Display the means and the best arm and settle for a "reasonnably interesting" problem with a gap that is not too large between the best and second-best arm. You may wish to save some interesting pairs (X,$\theta$) of features and regression parameters to work on later, for different dimensions / number of arms. 

In [6]:
K=10
d=5 

X = np.random.normal(0,1,(K,d))

for k in range(K):
    X[k,:]=X[k,:]/np.linalg.norm(X[k,:])

theta = np.random.random((d,1))
theta = theta / np.linalg.norm(theta)

sigma=0.5

linear_bandit = LinearBandit(X,theta,sigma)

#print("the means are",linear_bandit.means)
print("the best arm is",linear_bandit.bestarm)
print("gaps are",linear_bandit.means[linear_bandit.bestarm]-linear_bandit.means)

# save features and theta if you which to try this bandit problem again
#np.savetxt("X1.csv", X, delimiter=",")
#np.savetxt("theta1.csv", X, delimiter=",")

# load saved features and theta
#X = np.genfromtxt("X1.csv", delimiter=",")
#theta = np.genfromtxt("theta1.csv", delimiter=",")
#linear_bandit = LinearBandit(X,theta,sigma)

the best arm is 2
gaps are [1.3812589  0.10524724 0.         0.45548005 1.08854924 0.88448009
 0.4095742  1.04788709 0.94367084 1.79158172]


# II) Implementing least-squares and the greedy strategy

The function below gives the code for the Follow-the-Leader algorithm using least-square estimation to estimate $\theta_\star$ and the mean reward of each arm, i.e. the algorithm selecting in round $t+1$ arm  
$$A_{t+1} = \underset{a \in \{1,\dots,K\}}{\text{argmax}} \ x_a^\top \hat{\theta}_t^{\lambda},$$
where $\hat{\theta}_t^{\lambda}$ is the regularized least-square estimate, with regularization parameter $\lambda$.
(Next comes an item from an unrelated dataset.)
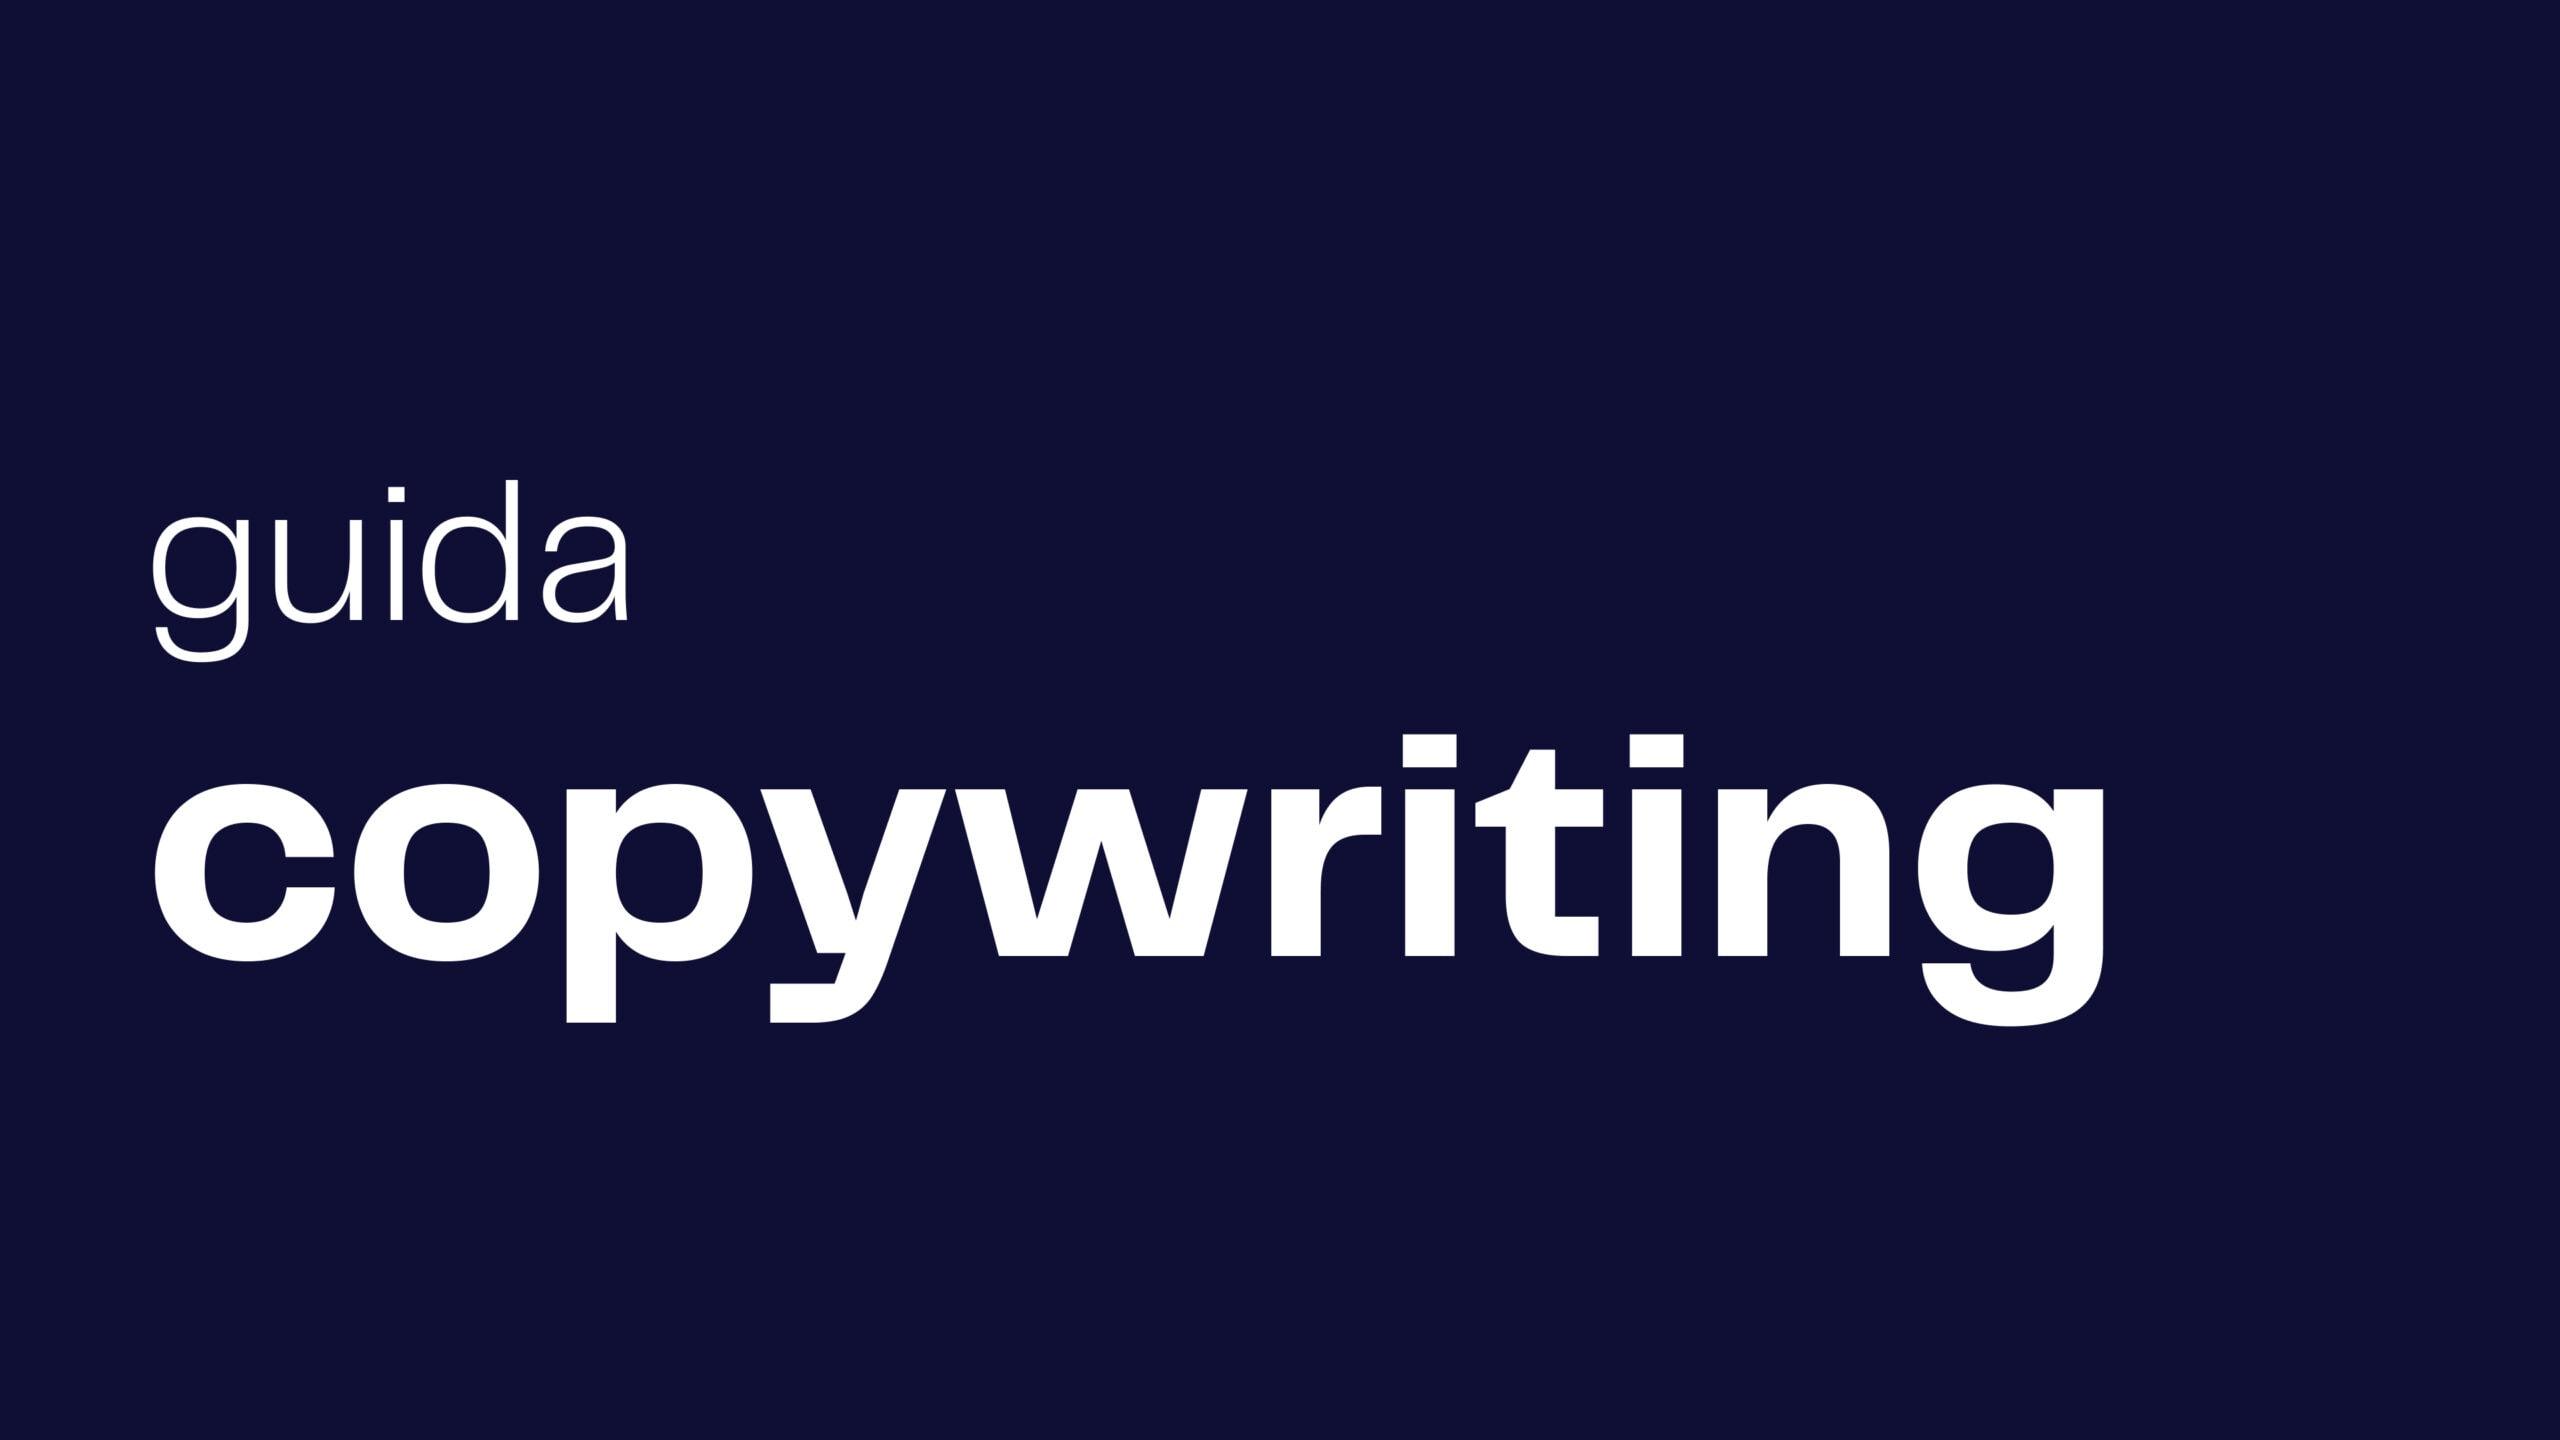 guida copywriting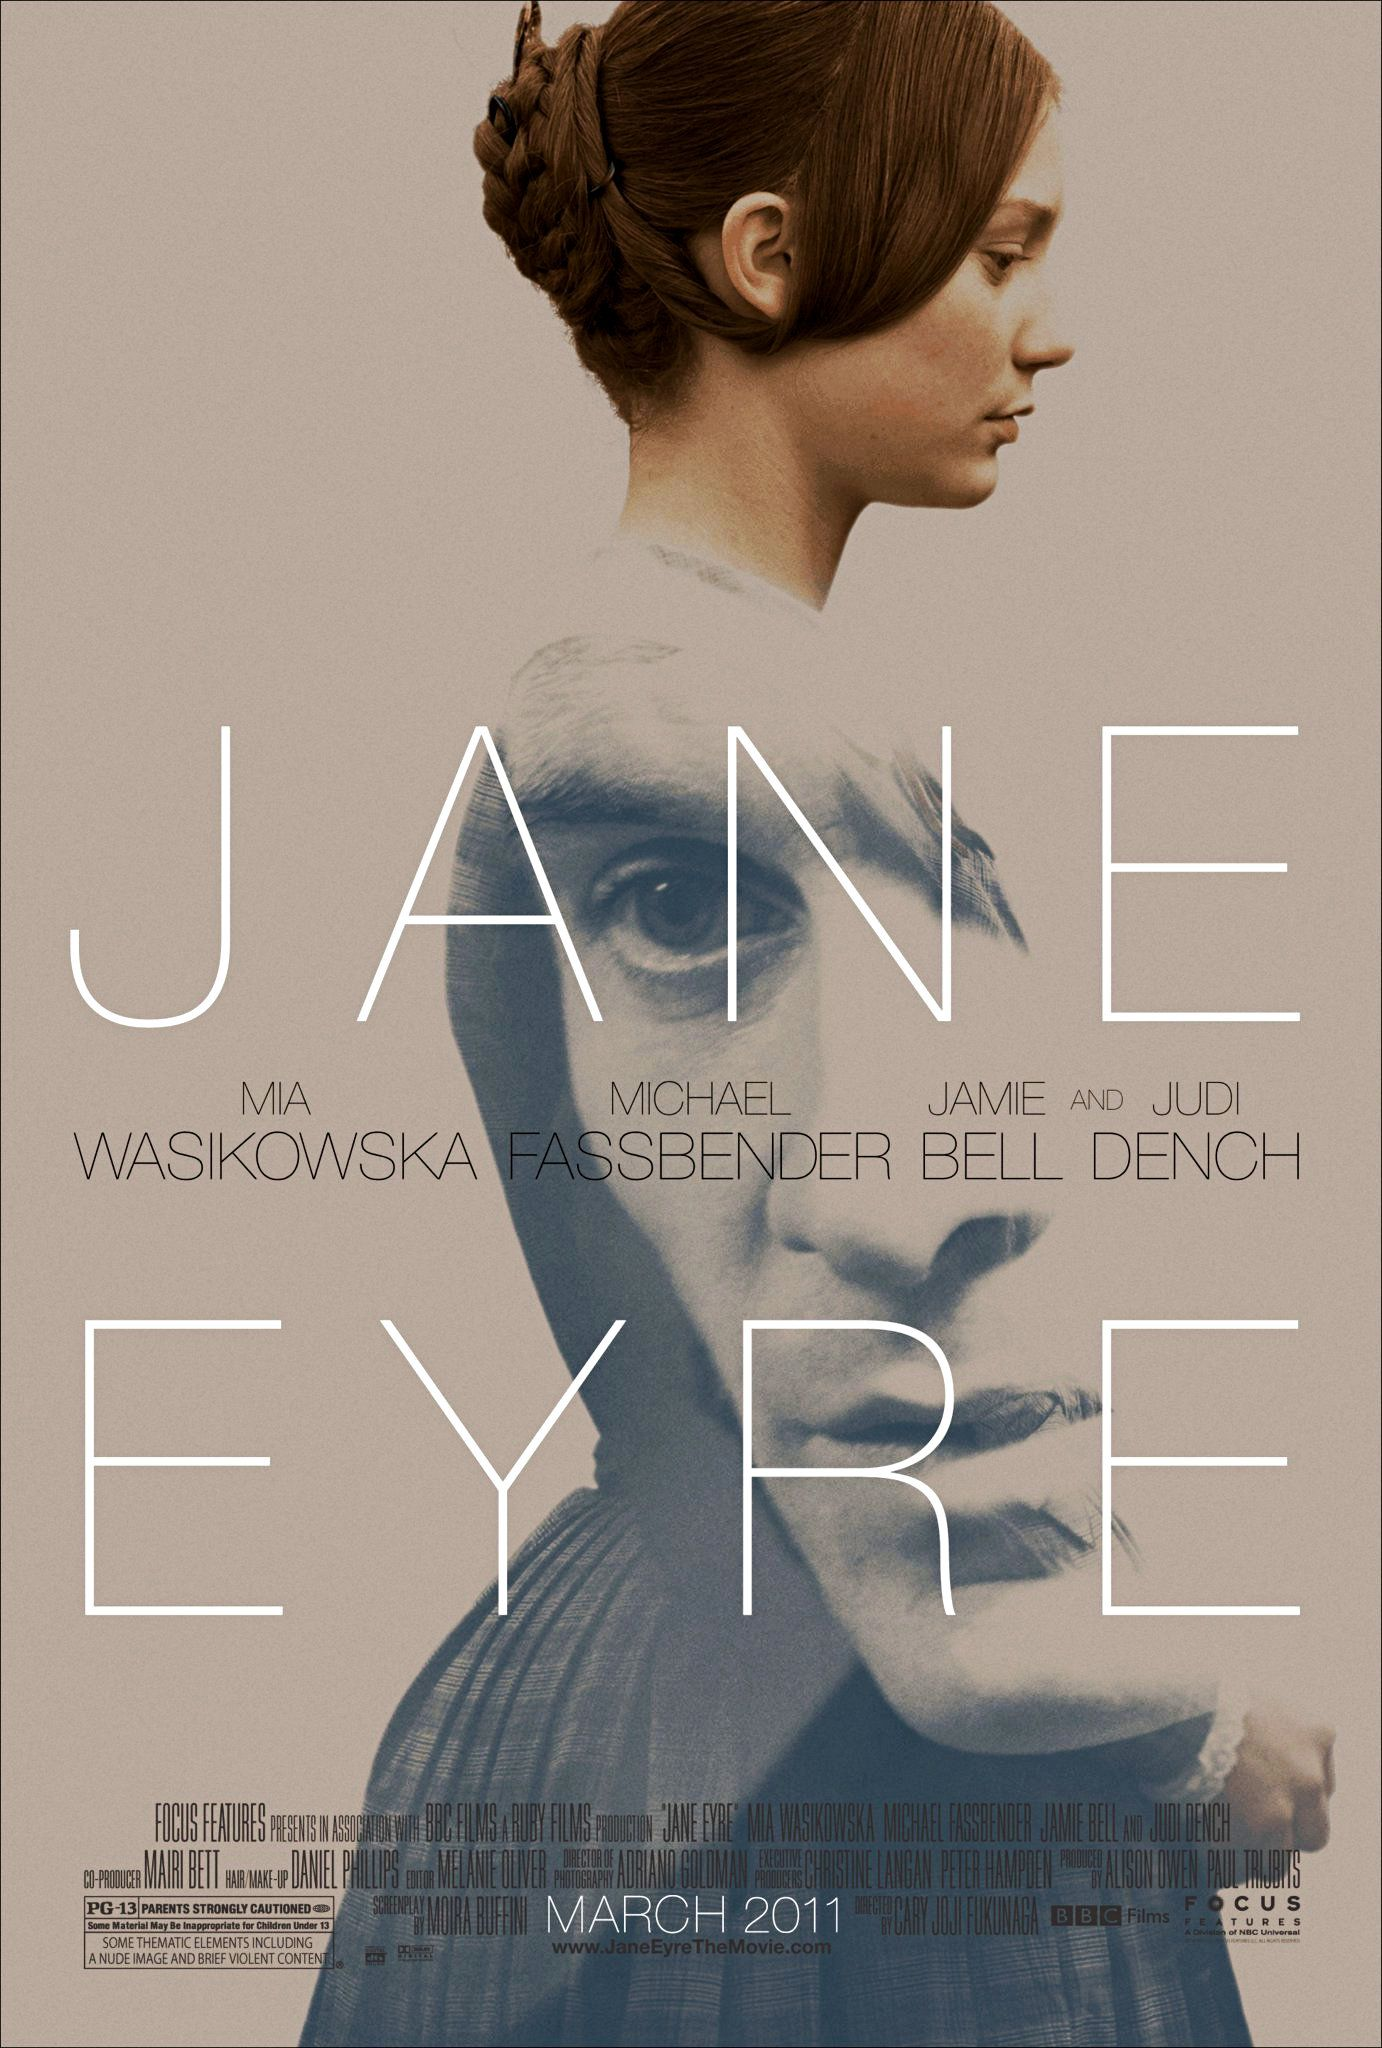 Jane Eyre Poster01 Jpg Jpeg Image 1382x2048 Pixels Jane Eyre Movie Jane Eyre Jane Eyre 2011

**Complete the code with the online least-square update that is required.**

In [None]:
class Greedy:
    """follow the leader using least-square estimation"""
    def __init__(self,X,reg=1):
        # the algorithms is fed with the known matrix of features (K,d) and the regularization parameter
        self.features = X
        (self.nbArms,self.dimension) = np.shape(X)
        self.reg = reg
        self.clear()

    def clear(self):
        # initialize the design matrix, its inverse, 
        # the vector containing the sum of r_s*x_s and the least squares estimate
        self.Design = self.reg*np.eye(self.dimension)
        self.DesignInv = (1/self.reg)*np.eye(self.dimension)
        self.Vector = np.zeros((self.dimension,1))
        self.thetaLS = np.zeros((self.dimension,1)) # regularized least-squares estimate
    
    def chooseArmToPlay(self):
        # compute the vector of estimated means  
        muhat = np.dot(self.features,self.thetaLS)
        # select the arm with largest estimated mean 
        return randmax(muhat)


    def receiveReward(self,arm,reward):
        x = self.features[arm,:].reshape((self.dimension,1))
        self.Design = self.Design + np.dot(x,np.transpose(x)) 
        self.Vector = self.Vector + reward*x
        # online update of the inverse of the design matrix
        self.DesignInv =  ## TO BE COMPLETED
        # update of the least squares estimate 
        self.thetaLS = ## TO BE COMPLETED

    def name(self):
        return "greedyLB"

**Experiment with the greedy strategy on one run. Is it finding the best arm?** 

Keep in mind that things can vary a lot between two different runs, don't hesitate to try multiple times.

In [None]:
T = 1000
strategy1 = Greedy(X)

selections,rewards = OneBanditOneLearnerOneRun(linear_bandit, strategy1, T)
    
ViewSelections(selections)
print("the best arm is",linear_bandit.bestarm)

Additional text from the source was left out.